Мира сразу стала серьёзной. У неё это получалось резче, чем у взрослых: только что крупа, носки, недоваренное лицо, и вдруг в глазах старое наше сиротское знание, что плохое иногда приходит на самом деле.
— Про маму с папой?
Я покачал головой, и тогда она спросила тише:
— Про меня?
Вот за это я её и боялся. Она всегда находила больное место с первой попытки, без карты и без дара видеть потоки.
— Немного, — сказал я. — И про всякое.
— Тогда вставай. — Она нахмурилась, будто приняла решение за нас обоих. — Когда лежишь, плохое липнет. Надо крупу мешать. Жена булочника говорит, ты варишь как холостяк.
Я почти засмеялся. Почти. Те же слова, та же крупа, которой ещё не было на огне, то же утро, в котором я уже однажды стоял босиком на холодных досках и не знал, что через двадцать с лишним дней буду умирать под городом.
— Какое сегодня число? — спросил я.
Мира остановилась на полпути к столу и обернулась с таким видом, будто я попросил её посчитать зубы у соседской лошади.
— То, в которое у тебя светочи, — сказала она. — И в которое ты обещал не опоздать, потому что Делн опять напишет про тебя своё унылое. Ты правда болеешь?
— Проверяю.
— Что?
— Не перепутал ли утро.
— Утро перепутать нельзя. Оно само шумит.
Она сказала это уверенно, как говорят дети о вещах, которые взрослые почему-то усложняют. И была права. Утро шумело вокруг нас со всех сторон: Бричен тянул верёвку, молочник сипел, в чугунке ещё не кипела вода, и мне предстояло идти туда, где Ровен лопнет свой светоч и Делн поставит меня последним. День сам называл себя. Мне осталось только поверить, что он и правда начался заново.
— Несчастный холостяк, который не любит крупу, — продолжила она, явно довольная, что вспомнила точно. — Её надо любить, тогда разваривается.
— Я люблю тебя, — сказал я. — На крупу меня уже не хватает.

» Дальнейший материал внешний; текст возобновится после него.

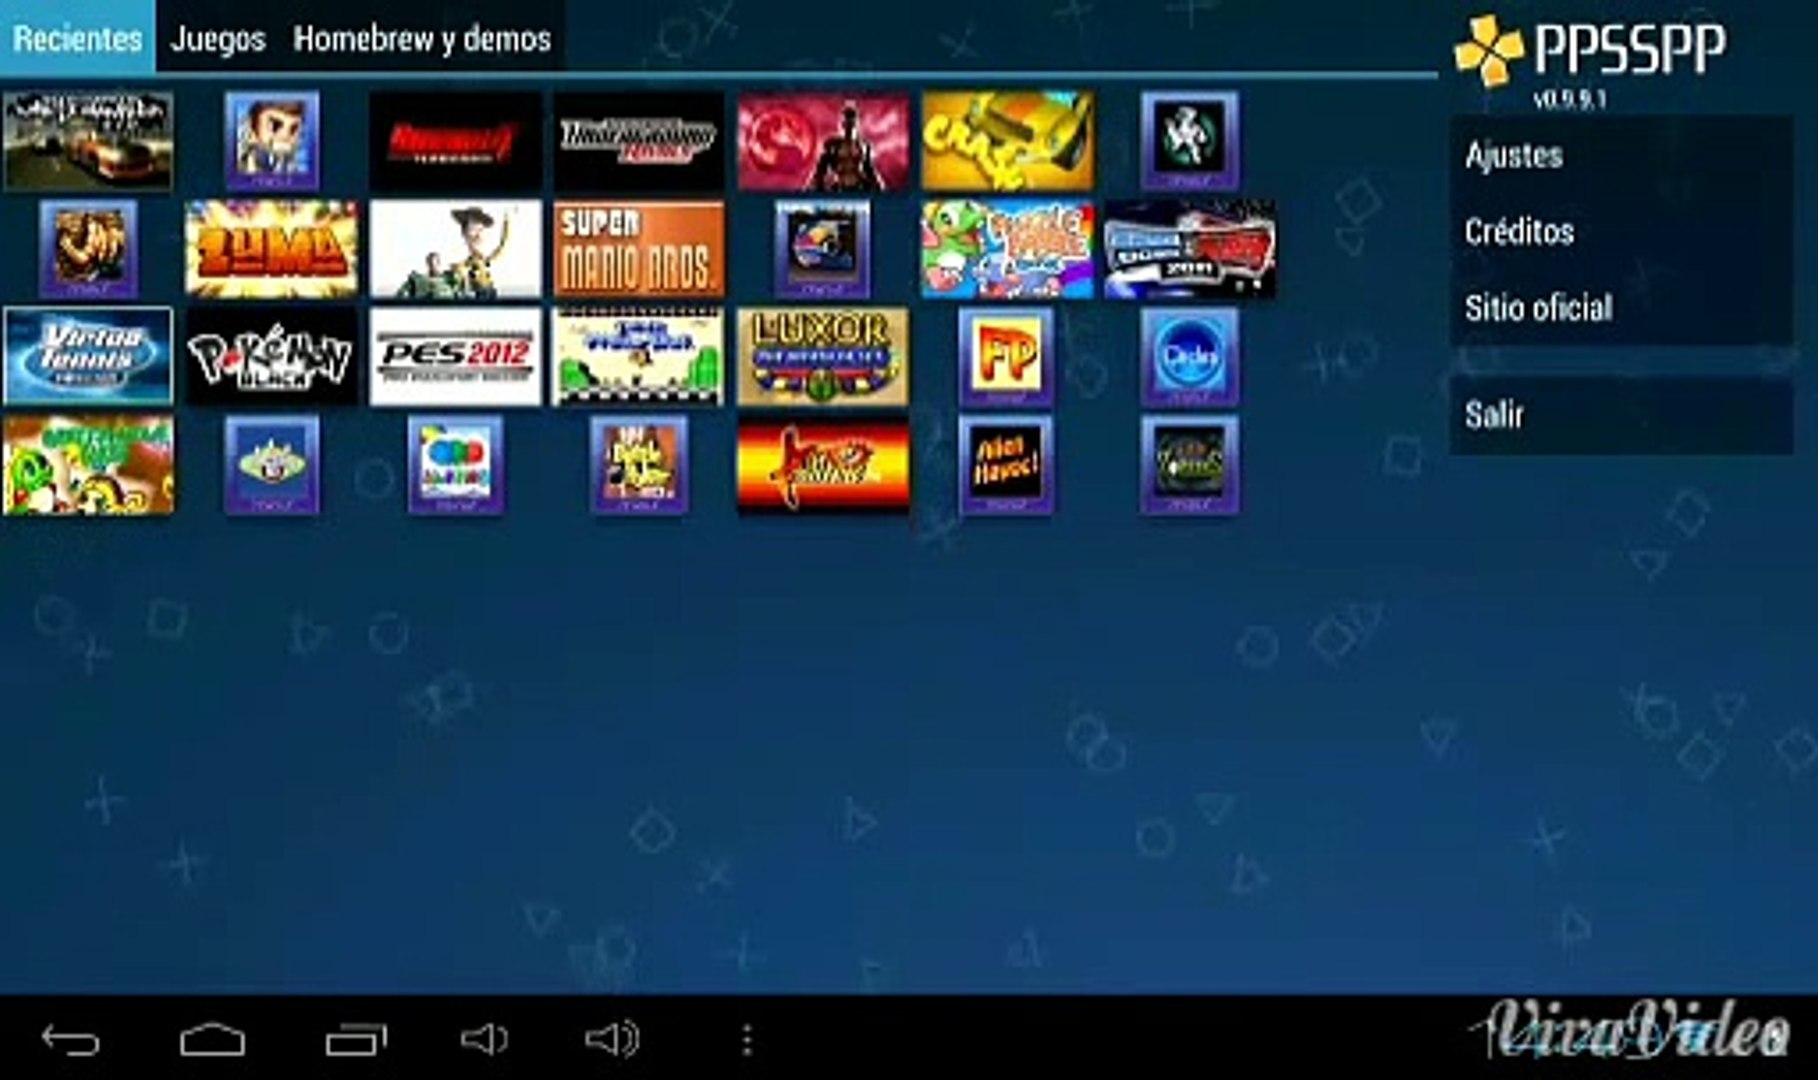 juegos compatibles y poco peso ppsspp android 2015 - video Dailymotion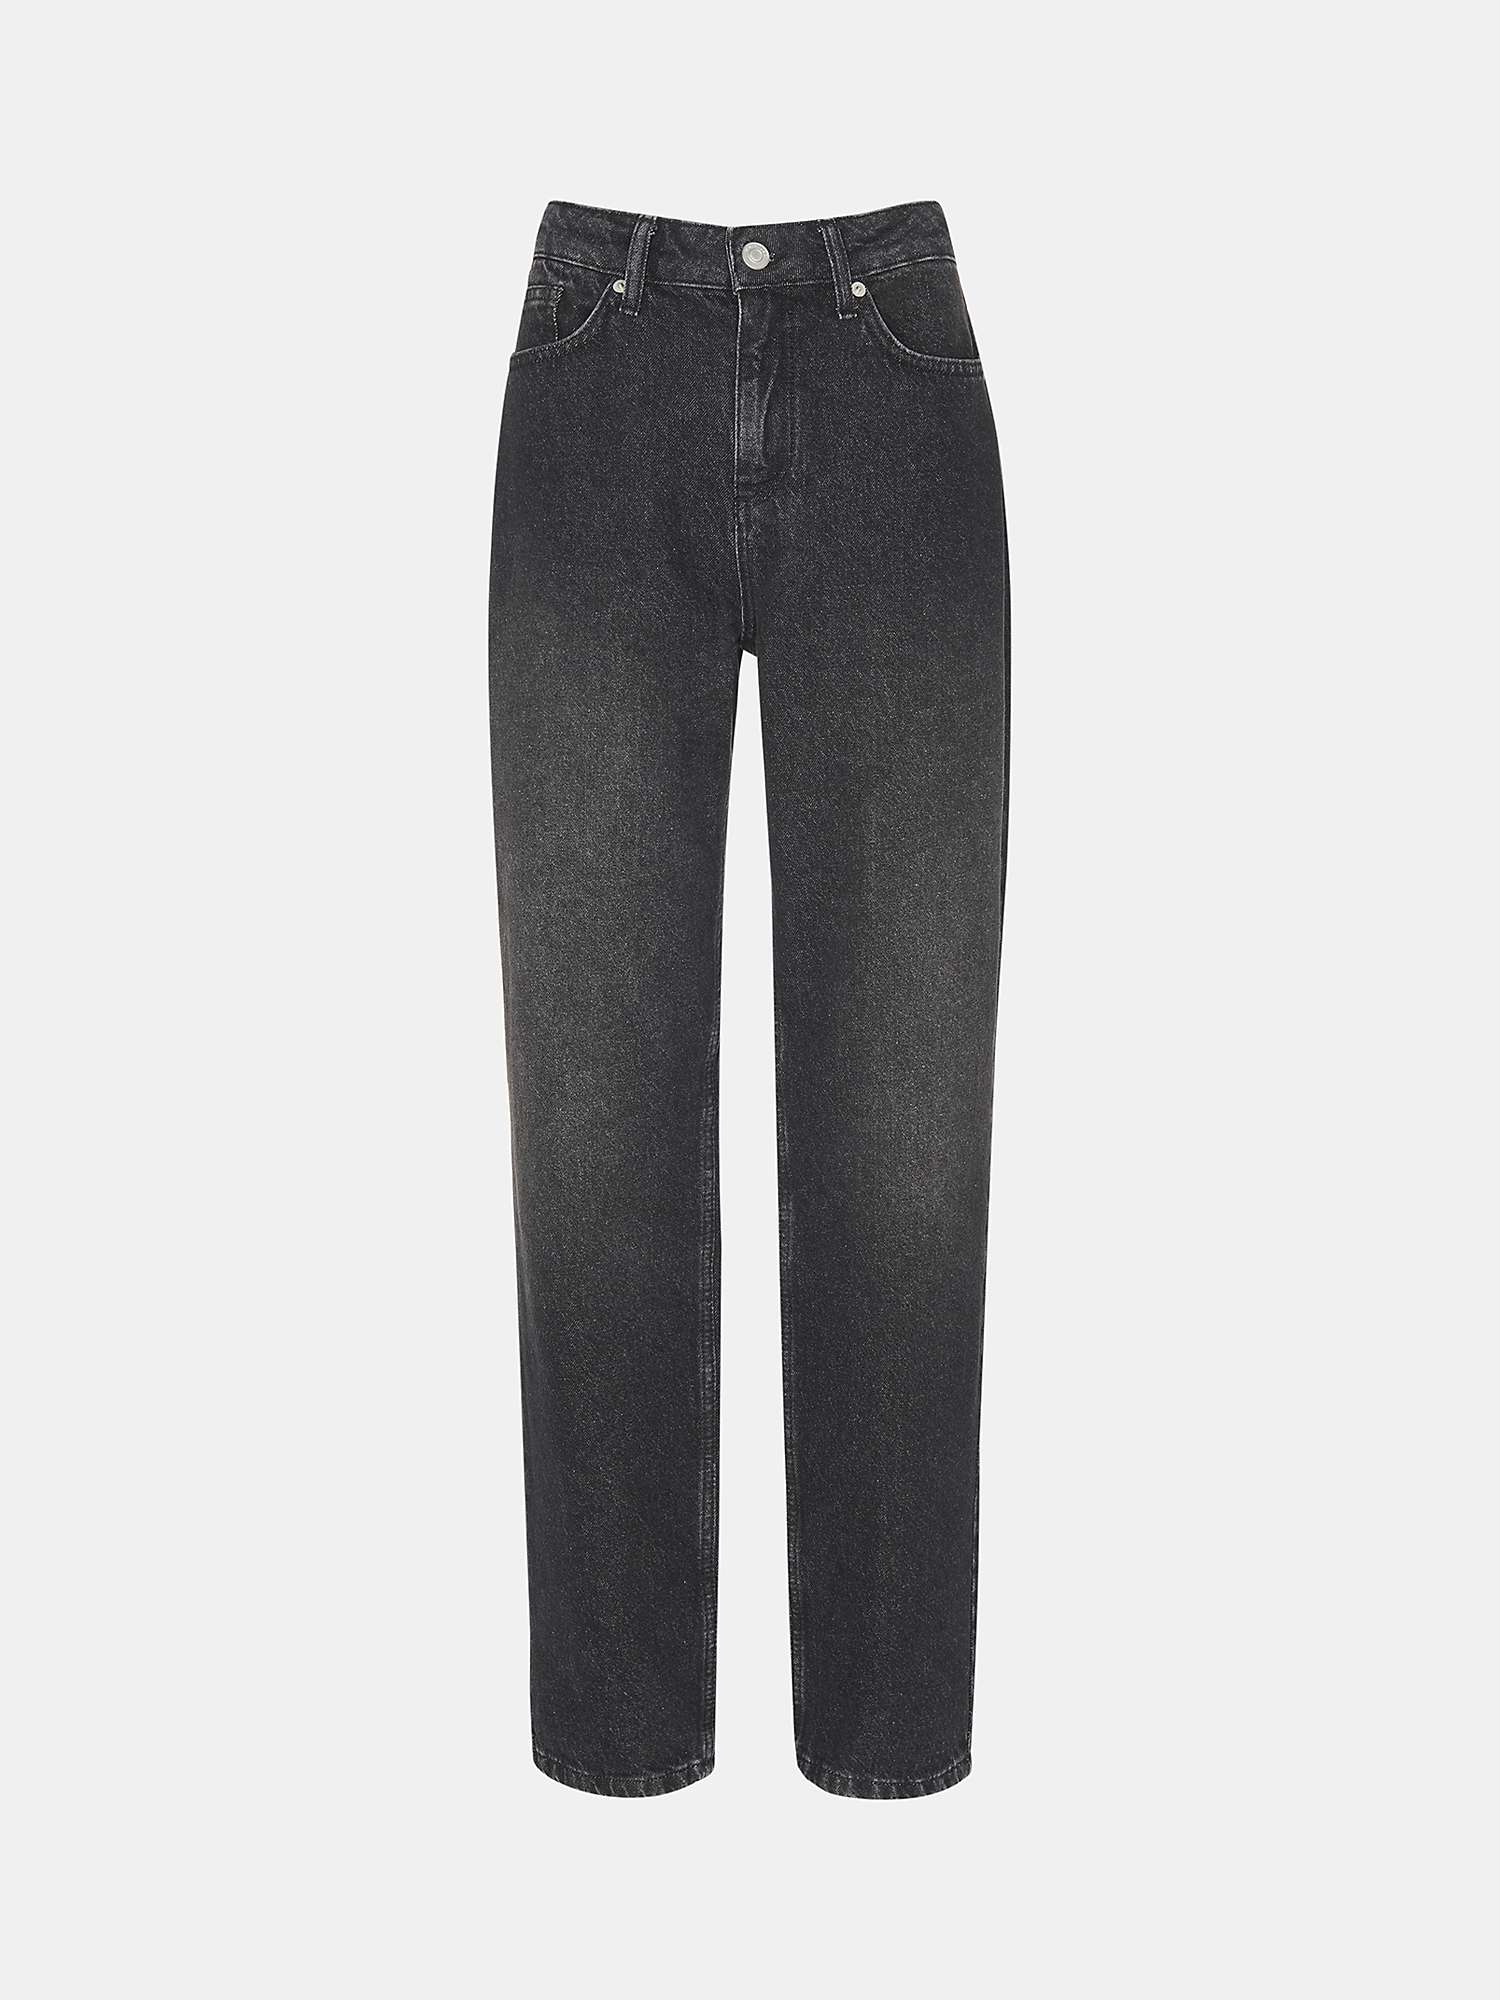 Buy Whistles Straight Leg Full Length Jeans, Washed Black Online at johnlewis.com

Мира фыркнула, как и должна была. Потом замерла, потому что я сказал это не так. В прошлый раз я подал реплику легко, домашним дурачеством. Сейчас слова вышли слишком голыми.
— Точно заболел, — решила она.
Она подошла ближе и приложила ладонь к моему лбу. Ладонь была тёплая, сухая, с маленькой царапиной у мизинца. Я смотрел на эту царапину и помнил, что она будет сегодня жаловаться на неё за ужином, хотя сейчас ещё сама о ней не знает. Помнил, что через несколько дней она будет учиться гасить силу совсем. Помнил, что потом я уйду и не вернусь. Помнил слишком много для одной детской ладони.
Я перехватил её руку, и она пискнула:
— Эй!
Я притянул её к себе и обнял. Неловко, сидя на краю лежанки, одной рукой прижимая к боку оберег, другой — её худую спину. Она упёрлась локтем мне в грудь, завозилась, возмущённо сопя.
— Ты мнёшь!
— Знаю.
— И носки тянешь.
— Прости.
— Нет, ты не прости. Ты странный.
Лицом я уткнулся ей в макушку. Пахло сном, старой подушкой и тем кислым детским теплом, которое есть только у живых людей по утрам. На затылке у неё стоял упрямый хохолок; я прижал его пальцем, он тут же встал обратно. Этого хватило, чтобы меня наконец прорвало.
Без звука. Если бы я издал хоть один звук, она испугалась бы по-настоящему.
Я держал её слишком крепко и плакал ей в волосы, стараясь дышать ровно — не от горя. Горе я уже успел выучить, у него другой вкус: ржавый, пустой, с Заводью в зубах. Это было от невозможной удачи — от того, что меня, не спросив, вернули к столу, где она ещё сердится на крупу, где оберег ещё не закончен, где смерть ещё не успела всё забрать.
— Алекс, — сказала Мира тихо. Уже без раздражения. — Ты меня пугаешь.
Я отпустил. Не сразу повернулся к ней лицом; сначала вытер глаза рукавом, для виду почесав переносицу. Очень убедительно, если зрителю одиннадцать лет и он всё равно всё понимает.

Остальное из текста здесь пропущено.